• REQUIRED WORK: Please keep pictures out and return the lines below exactly, from the one holding "Tumi T Tech" through the last, both included.
*** COLLECTED MATERIAL ***
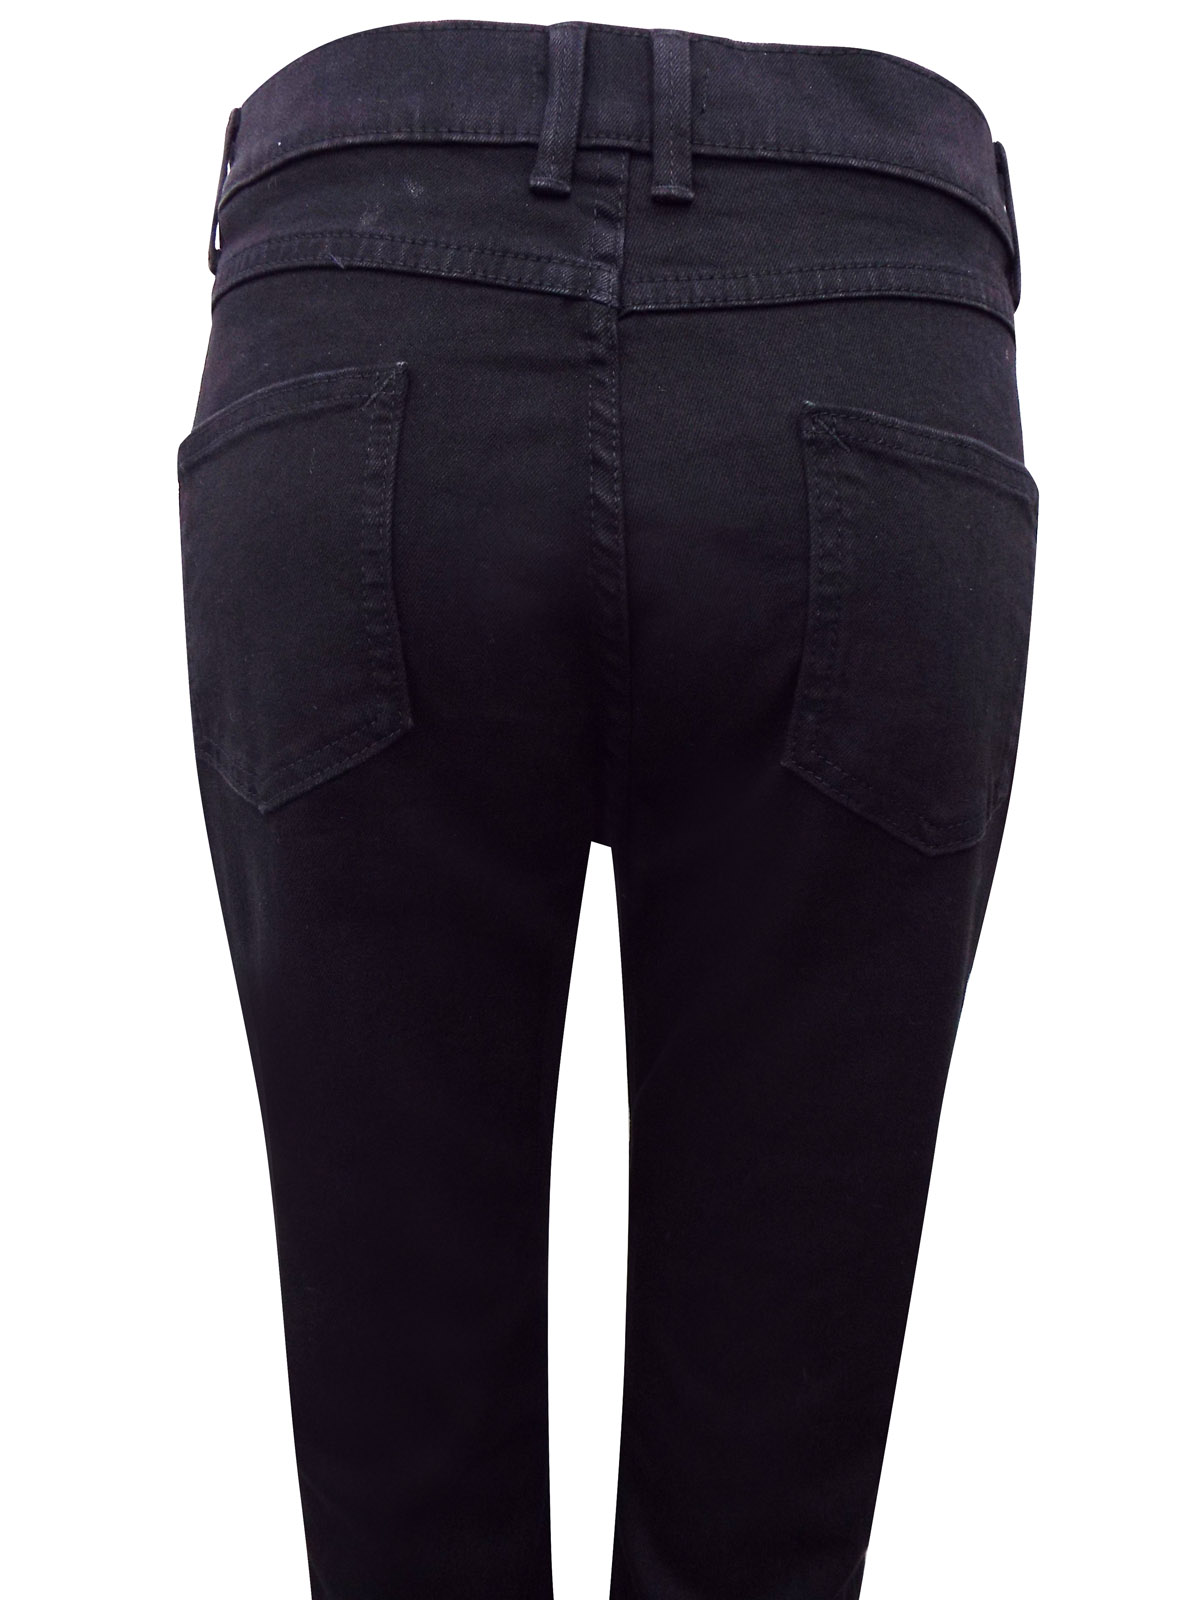 Marks and Spencer - - M&5 BLACK Bootleg Washed Look Denim Jeans - Size 10
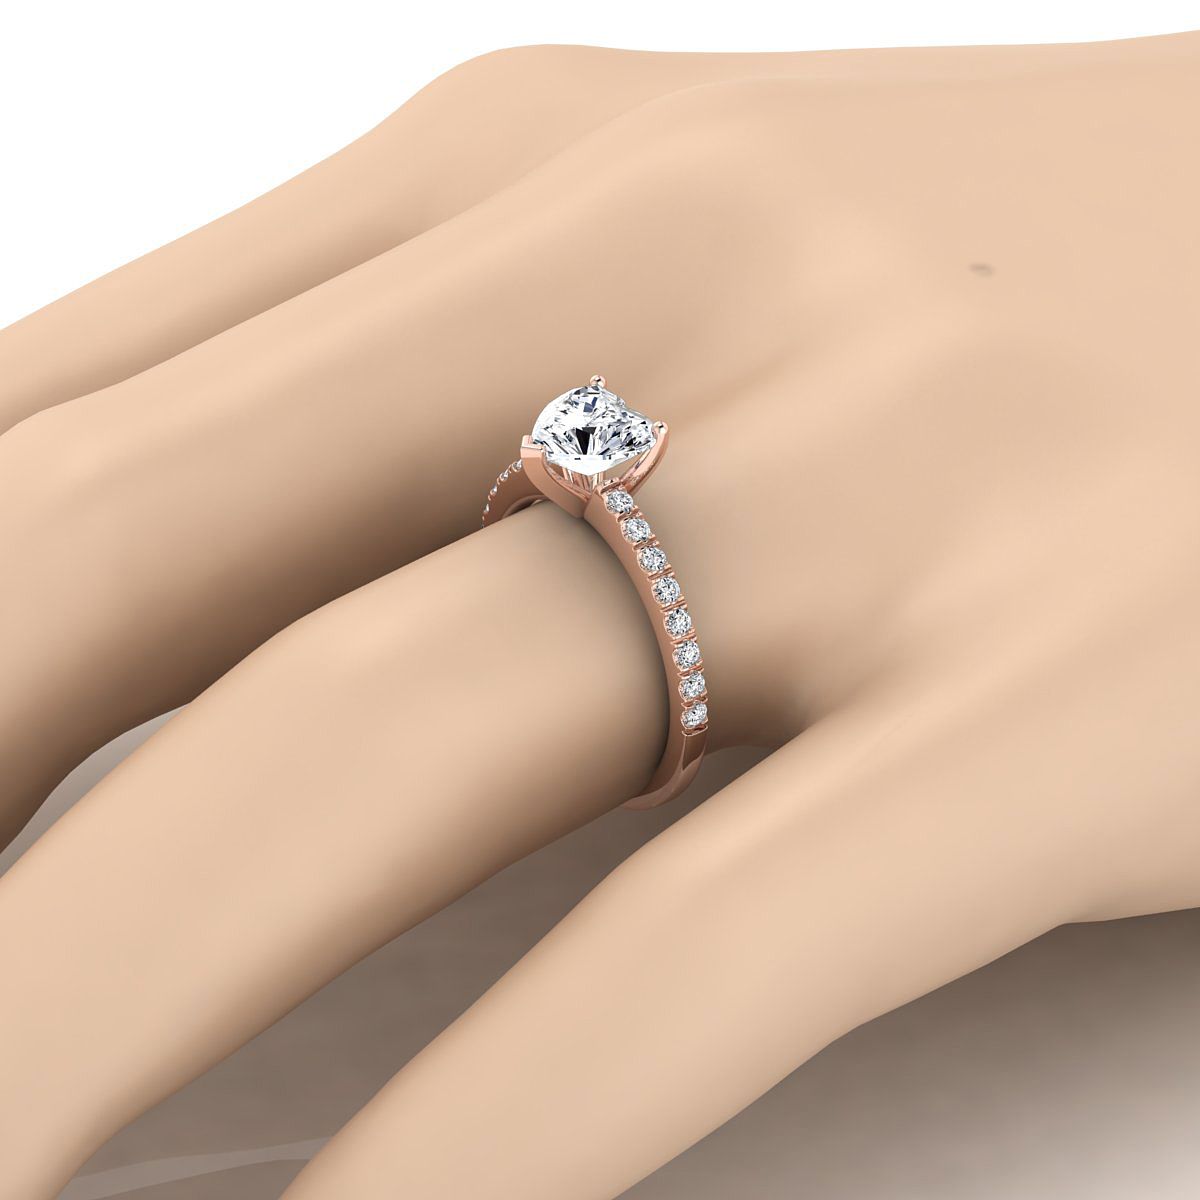 14K Rose Gold Heart Shape Center Simple Linear Diamond Pave Engagement Ring -1/5ctw
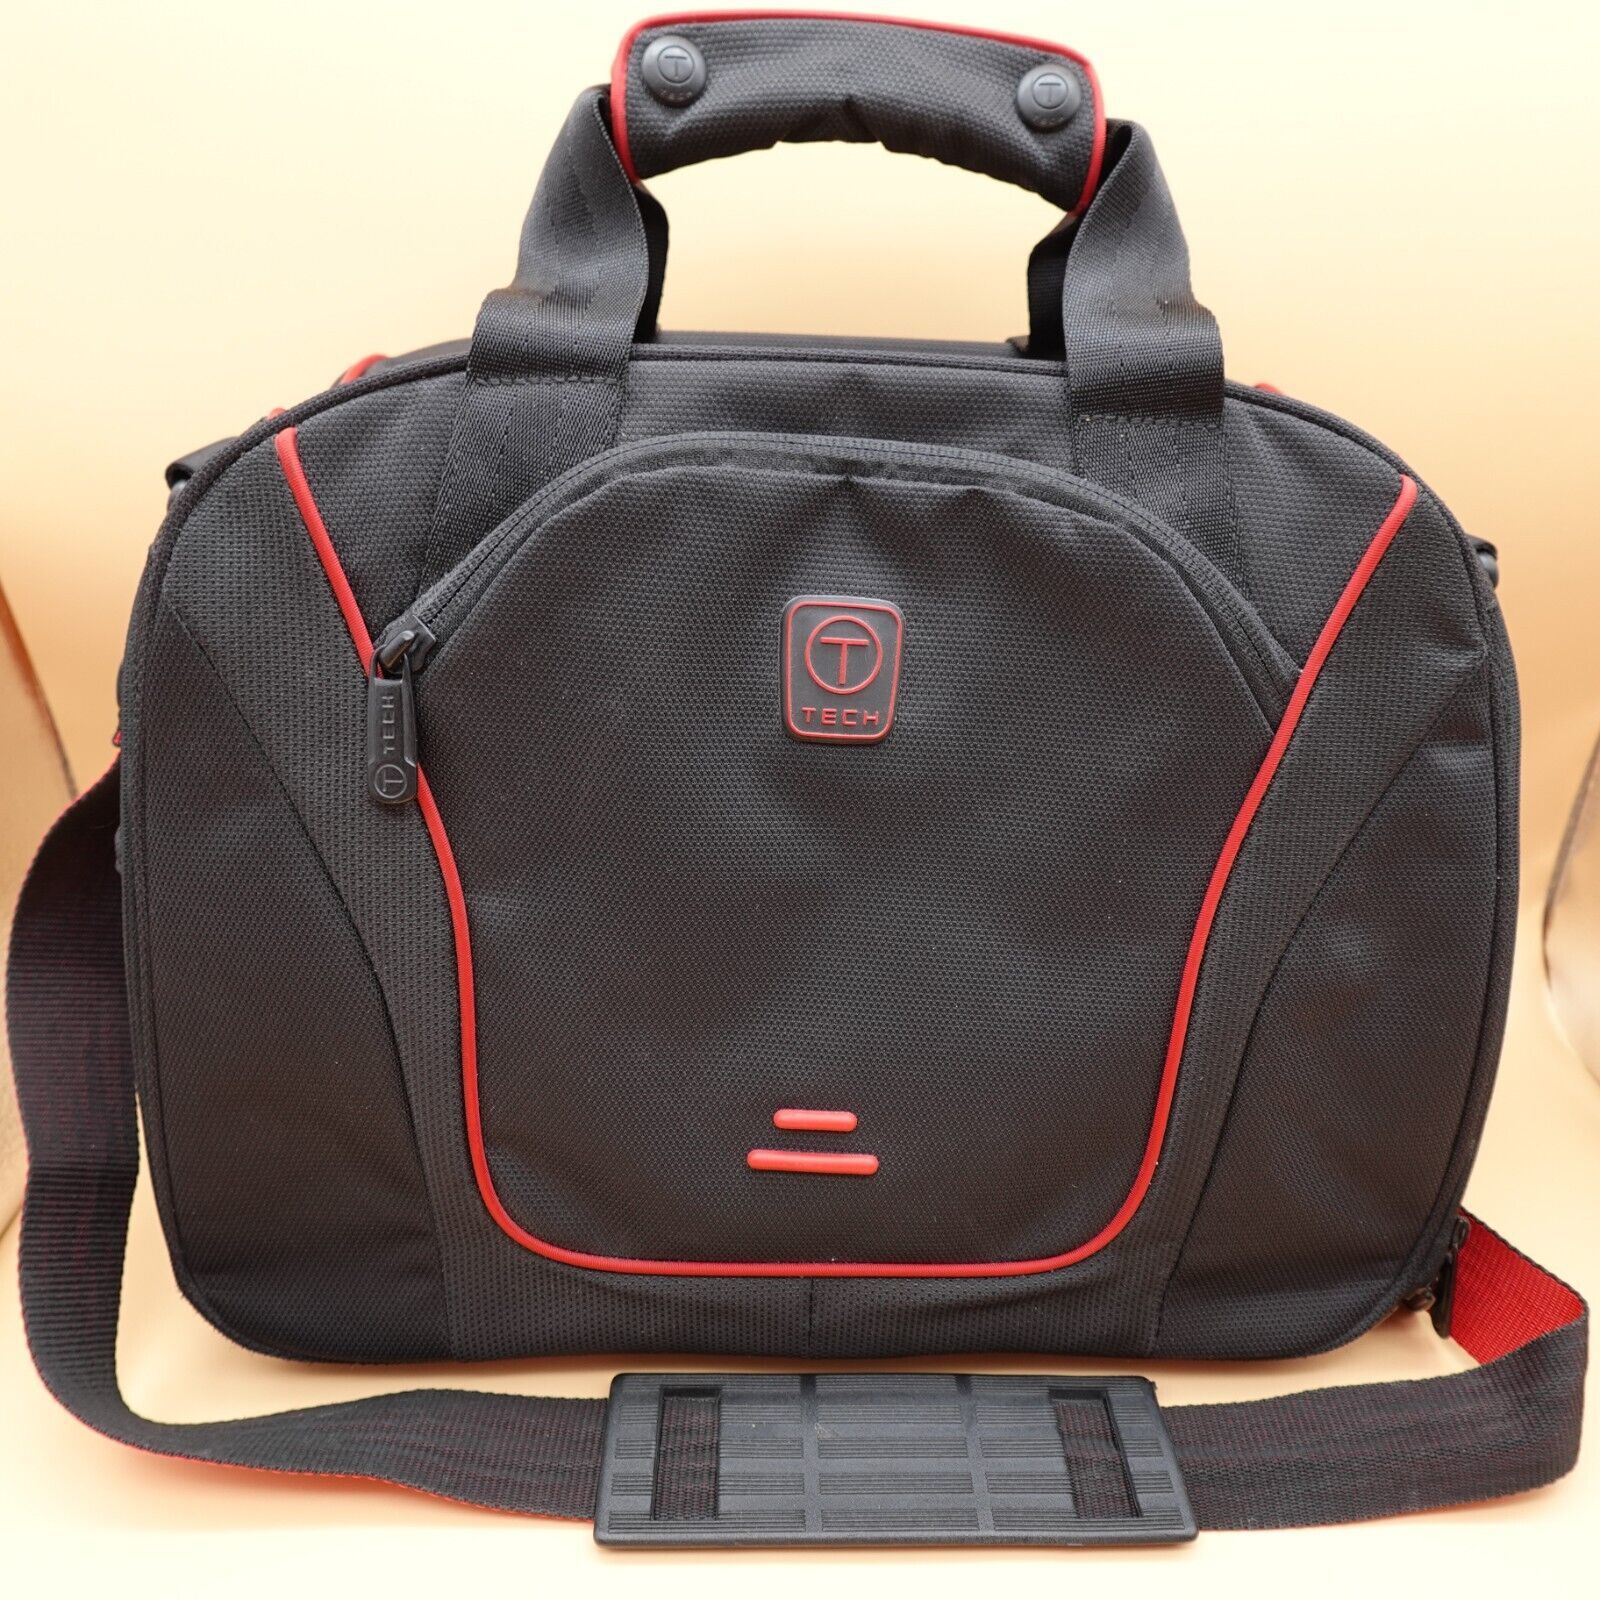 Tumi T Tech Overnight Bag Black Weekender Travel CarryOn Shoulder Strap Red Trim - $49.95
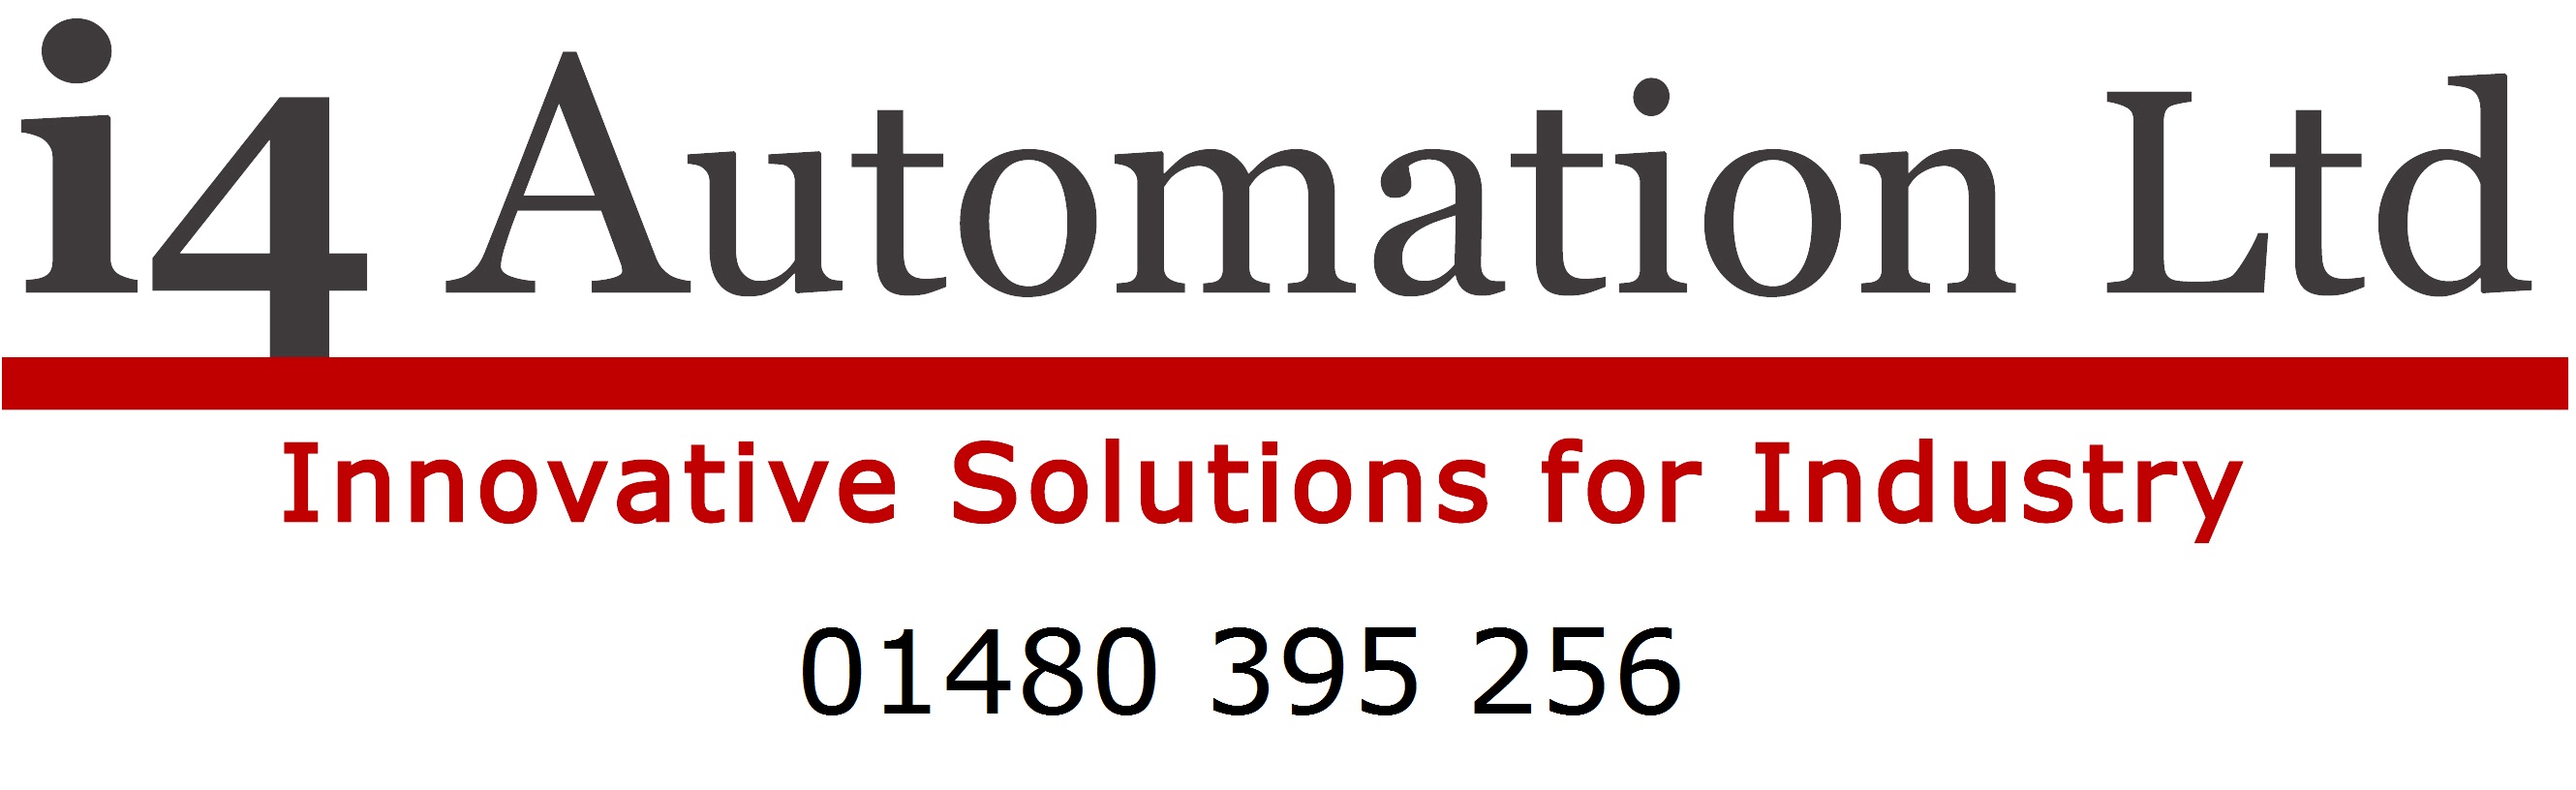 i4 Automation Ltd
*** End of COLLECTED MATERIAL ***
• YOUR SOLUTION:
 Tumi T Tech Overnight Bag Black Weekender Travel CarryOn Shoulder Strap Red Trim - $49.95
 i4 Automation Ltd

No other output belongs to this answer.